* [PROBLEM TO WORK ON]:
Write out the material below exactly, beginning at the line that contains "Abmessungen der Rückwand" and ending with its last line, both ends included; write nothing else.

* [SOURCE MATERIAL]:

====================

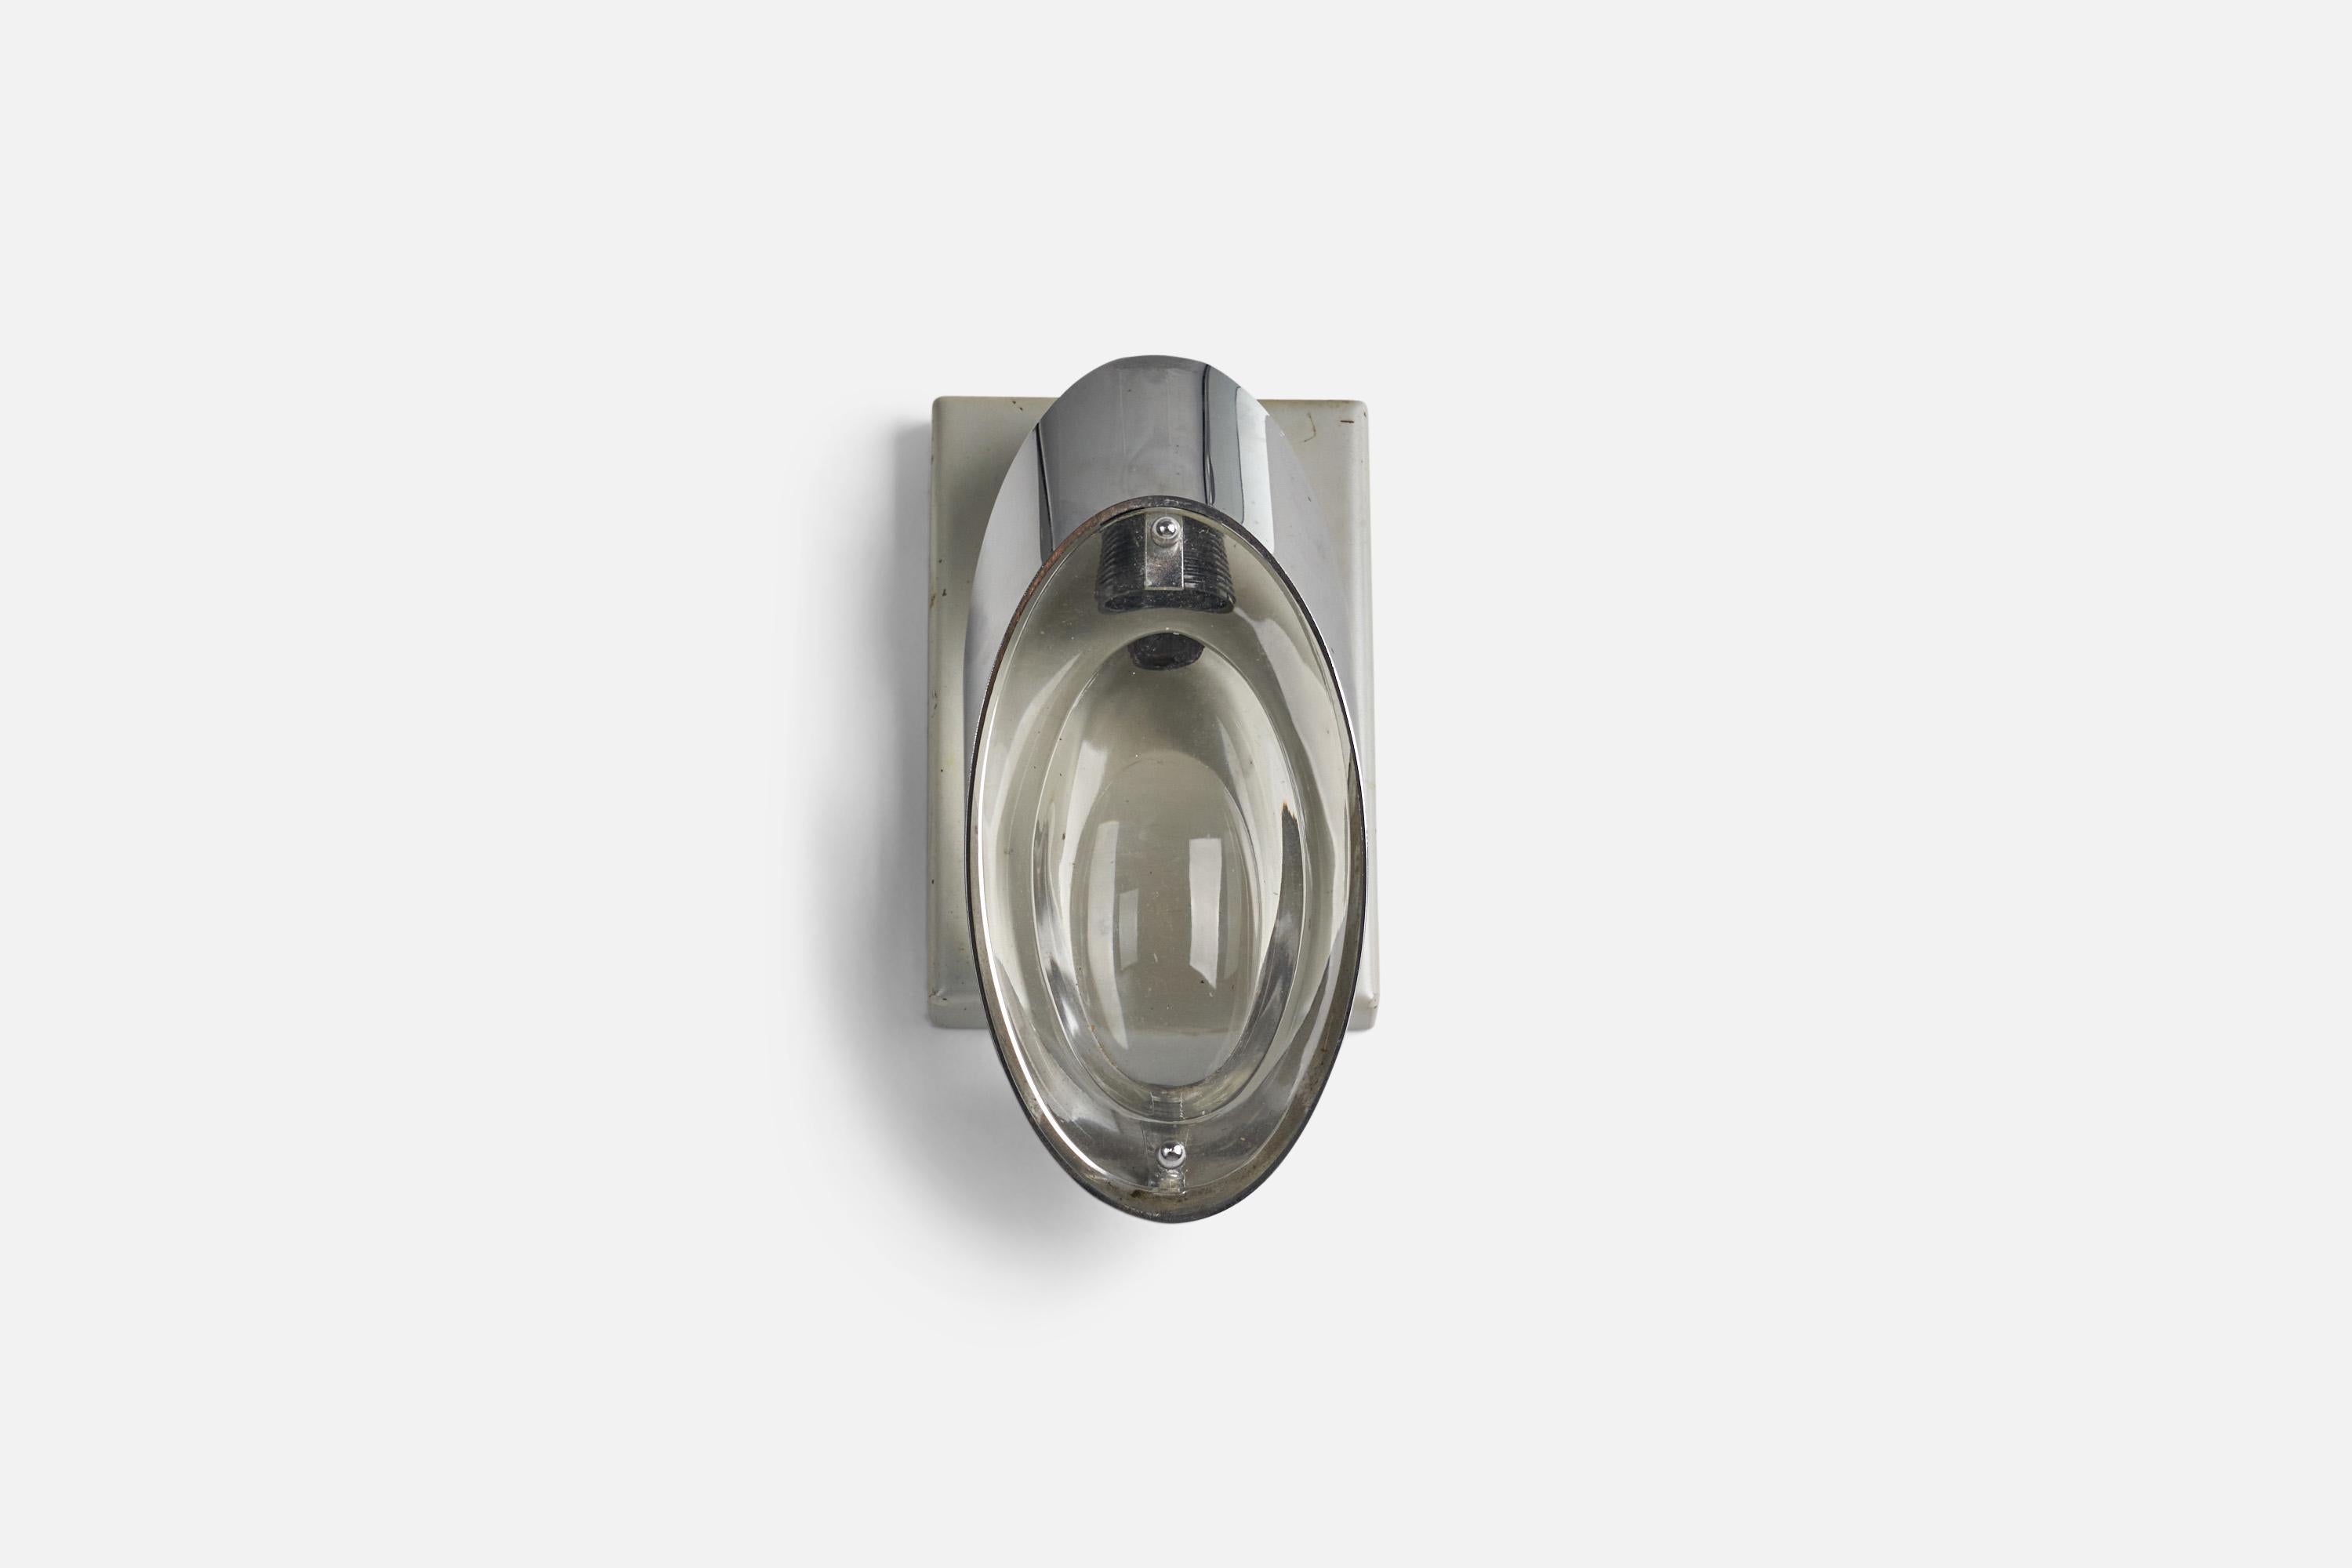 Eine Wandleuchte aus Metall und Glas, entworfen von Oscar Torlasco für Stilkronen, Italien, 1960er Jahre.

Fassung für E-12 Glühbirnen.

Abmessungen der Rückwand (Zoll) : 6 x 4,06 x 0,68 (Höhe x Breite x Tiefe)

Auf der Leuchte ist keine maximale

====================

* [OUTPUT BELOW]:
Abmessungen der Rückwand (Zoll) : 6 x 4,06 x 0,68 (Höhe x Breite x Tiefe)

Auf der Leuchte ist keine maximale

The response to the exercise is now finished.